On Wed, Nov 30, 2011 at 10:57 PM, Geoff Huston <g...@apnic.net> wrote:
> On 01/12/2011, at 1:31 PM, Tim wrote:
>>> All joking aside, i don't think this list has lived up to its name >>> yet. I will give it a little while longer before sending a mail to >>> the list asking how to unsubscribe (ha!)
>> +1
>> On perhaps a more constructive note, I'd be interested in a discussion >> on where things could go wrong with IPv6 implementations. And by >> that, I mean networking stacks and firewalls. Where are the RFCs >> vague/confusing? What policy details are likely to be overlooked by >> JoeSecurity's v6 firewall product?
> Someone mailed me this today...
>> My current barrier to v6 is knowing what I'm meant to do to have more than one provider with v6 without BGP and a range allocation.
>> With v4 it's simple. The internal network is private and the router just flips NAT to the other providers IP/32.
>> With BGP and a range allocation I can see that's not an issue, you just announce your existence.
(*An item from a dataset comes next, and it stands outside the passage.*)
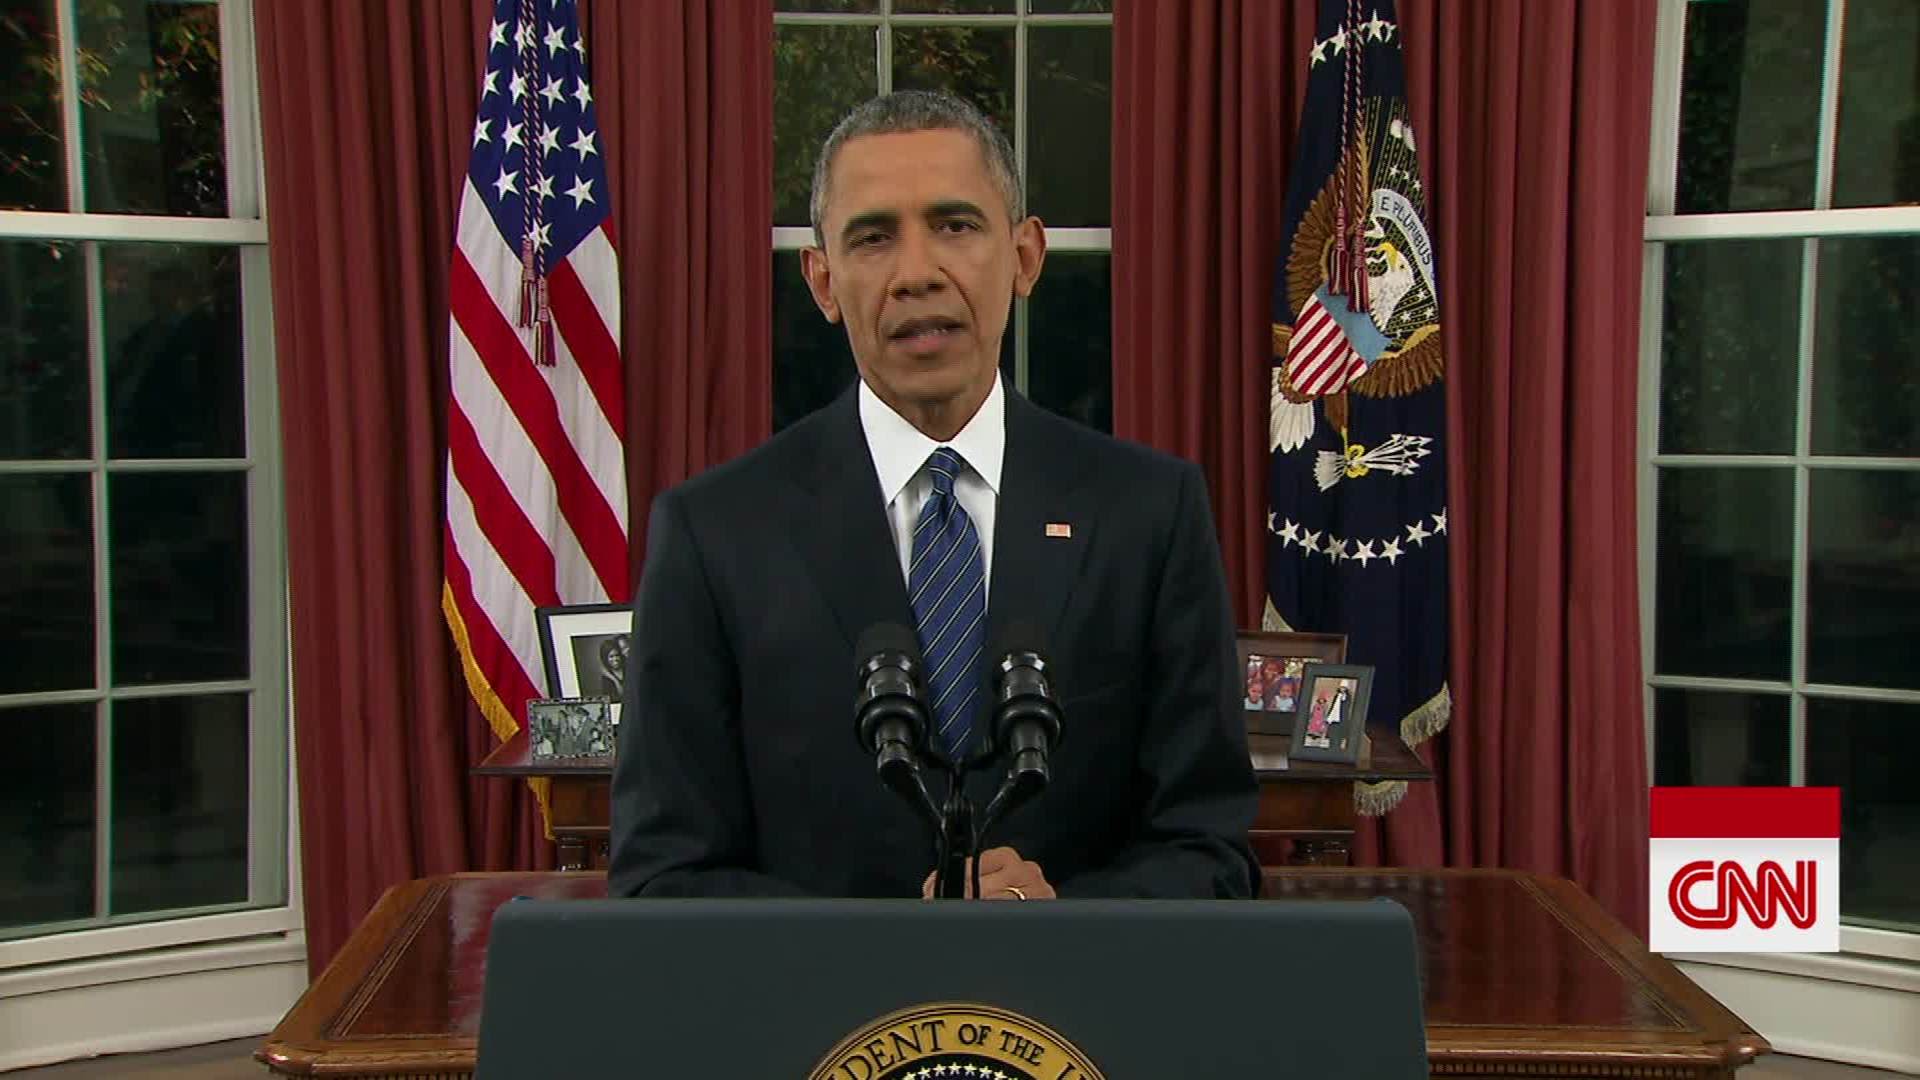 President Obama's full Oval Office address | CNN

>> But is the idea that all small businesses who just want to have two providers for reliability reasons, are going to have to have an allocation and be running BGP?
> Frankly my answer was not very complimentary about the current set of IPv6 specs and RFCs. If you are looking for gaping holes in the IPv6 story then this is unfortunately one of them.
i.e. DHCPv6 based assignments may need NPTv6 RFC6296.
A likely case for a NAT would be NAT64 defined in RFC6144, RFC6145, RFC6146, RFC6052, RFC6147, and RFC6384. Multihoming has been a long standing feature of SCTP prominently used in cellular and multimedia communications where reliability and performance is essential.
There is also an interesting informational rfc regarding IPv6-only networks and the use of NAT64. This points to incidents involving IPv4 literals that require work-around approaches in less than %2 of the cases within IPv6 only networks.
Section 3.2 DNS Operation ,--- Router Advertisements are used to carry DNS Configuration options [RFC6106 <http://tools.ietf.org/html/rfc6106>], listing the DNS64 as the DNS server the hosts should use. In addition, aliases were added to the DNS64 device to allow it to receive packets on the well-known DNS server addresses that Windows operating systems use (fec0:0:0:ffff::1, fec0:0:0:ffff::2, and fec0:0:0:ffff::3). At a later stage support for stateless DHCPv6 [RFC3736 <http://tools.ietf.org/html/rfc3736>] was added. We do recommend enabling RFC6106, well-known addresses, and stateless DHCPv6 in order to maximize the likelihood of different types of IPv6-only hosts being able to use DNS without manual configuration. DNS server discovery was never a problem in dual-stack networks, because DNS servers on the IPv4 side can easily provide IPv6 information (AAAA records) as well. With IPv6-only networking, it becomes crucial that the local DNS server can be reached via IPv6 as well. '---
Other notes: Mac OS X the network manager needed to be explicitly told to not expect IPv4. Windows 7 experienced problems when relying on default, well-known DNS server addresses: without manual configuration, the host was unable to use the DNS addresses, even though the system displays them as current DNS server addresses.